Рычкова возмущала уравниловка в оценке труда землепашцев, «когда бедные или, справедливо назвать, ленивые не заплатят государственную подать, то оную собирают с исправных, и тем самым добрые поселяне огорчаются, а ленивым дают повод больше лениться».
Мудры и укорны вопросы Рычкова: «Когда неоспоримые опыты всех веков, когда примеры всех народов, когда повествования всех государств научат нас, что наивеличайшие прибытки происходили всегда от доброго земледелия?» И сам ищет на них ответ: «Не возможно, чтоб всяк, усердствующий о пользе своего Отечества, не старался ублажать земледельцев и землю». Добрые урожаи она способна давать лишь при усердной заботе о ней. Как бы хороша земля ни была, но «выпахиваясь, лишается растительной силы» и нуждается в удобрениях. Рычков дает обстоятельные рекомендации, где лучше сеять хлеб: «К распашке и плодородию почитаются места ровные и небольшой скат, или склонение к полудню имеющие, однакож, и в дубравах, на высоких местах, т. е. перелесков, посеянный хлеб часто удается, а паче в те годы, когда дождей мало случается. К тому же в таких местах и от морозов бывает он безопаснее».

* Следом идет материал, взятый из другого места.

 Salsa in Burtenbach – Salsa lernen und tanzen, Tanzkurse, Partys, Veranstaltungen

По мнению Рычкова, бережного отношения требует не только земля, но и сами хлебопашцы. Между тем, замечает он, есть такие строгие приказчики, «что крестьянам своим одного дня на себя работать не дают… а употребляют их без изъятия на господские работы повседневно». Заботой о простых людях села продиктовано и такое предложение Рычкова: «У нас в крестьянстве издавна и во многих местах есть обычай малолетних робят женить на возрастных девках». Такие свадьбы, кроме вреда, ничего принести не могут, поэтому допускать их не следует. Надо присматривать также за тем, чтобы молодые люди в возрасте свыше 20 лет холостыми не шатались. При этом Рычков делает такое примечание: «Но понадобится оженить кого из бедных, такого на сей праздник для варения пива ссужать господским солодом, ежели ж для пашни и для конных работ нет лошади, то надлежит ему дать господскую лошадь, можно и корову с овцой, чтобы он в состоянии был господские и свои работы… исправлять и с женою своею пропитание иметь победное».

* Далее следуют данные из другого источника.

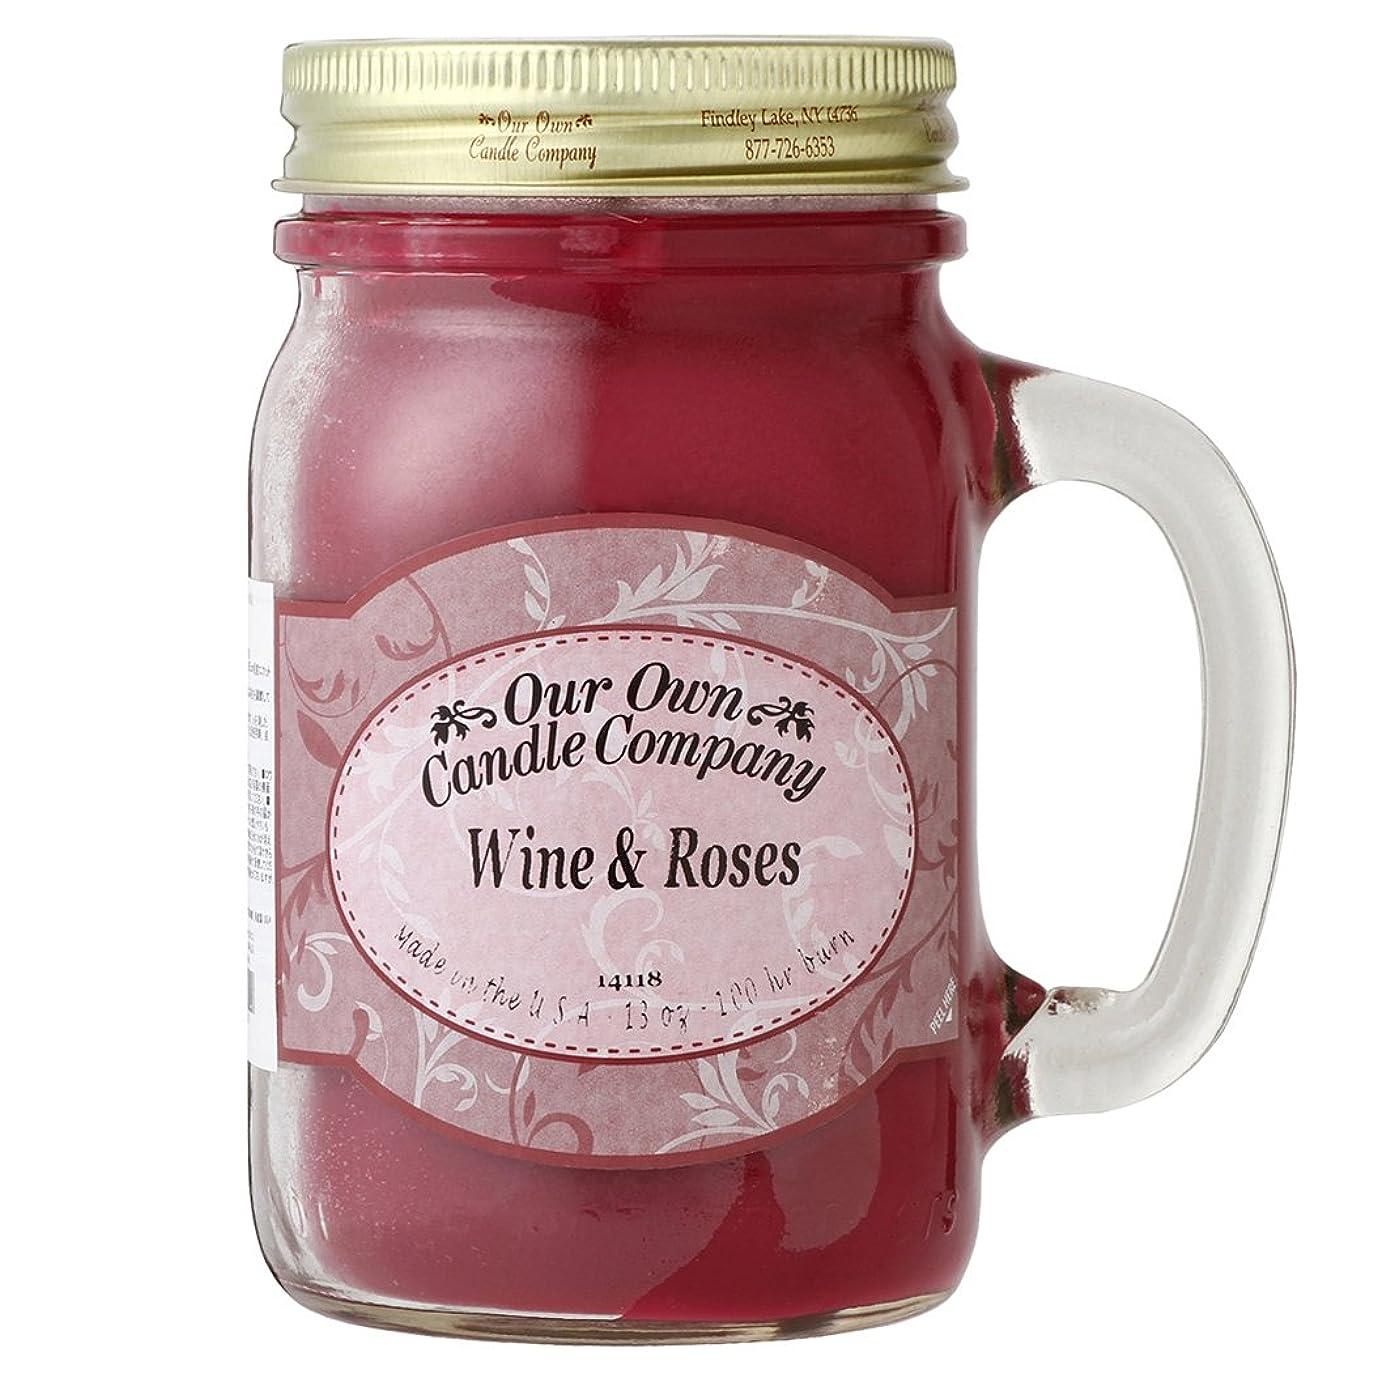 消毒剤花永続Our Own Candle Company メイソンジャーキャンドル ラージサイズ ワイン&ローズ OU100129

При благосклонном отношении к своим крестьянам Рычков по положению оставался помещиком-крепостником. Однако это не мешало ему критически оценивать представителей своего сословия. Он с симпатией вспоминает о помещиках петровского времени: те несли обязательную государственную службу, одновременно исправно занимаясь земледелием. Теперешние же поместные дворяне, особенно молодые, хозяйствуют на земле без усердия, каждый считает за честь построить в деревне большой дом, оснастить его богатой мебелью, набрать побольше прислуги и вести праздную жизнь, безмерно угнетая своих крепостных людей.
Помещики продавали и покупали целые семьи крестьян, хотя еще Петр Первый незадолго до своей смерти высказал пожелание внести в закон статью, запрещающую розничную продажу людей, «яко скотов, чего во всем свете не водится».
Однако все осталось по-старому: на своих крепостных помещик смотрел как на товар, как на живой инвентарь своего хозяйства. Пределы власти земледельцев-управителей над своими управляемыми хотя и устанавливались указами и законами, но все они не ущемляли, а, наоборот, расширяли права душевладельцев. В старом Уложении, составленном при Петре Первом, говорилось, что помещик, который «сам накажет своего крепостного за разбой, не представив его на губной суд», лишается поместья или подвергается наказанию кнутом. Там же записан был закон о том, что помещика, от побоев которого причинится смерть крестьянину, надлежит предать смертной казни. Но история крепостничества почти не оставила свидетельств таких казней. Известен лишь пример с помещицей Дарьей Салтычихой, привлеченной к ответу за то, что в своем подмосковном селе Троицком она устроила для крепостных людей настоящую тюрьму, где зверски мучила их. Умертвив 38 человек, Салтычиха двадцать раз предавалась суду, но откупалась взятками. Наконец по указу императрицы эта «мучительница и душегубица» была посажена в подземную темницу женского монастыря.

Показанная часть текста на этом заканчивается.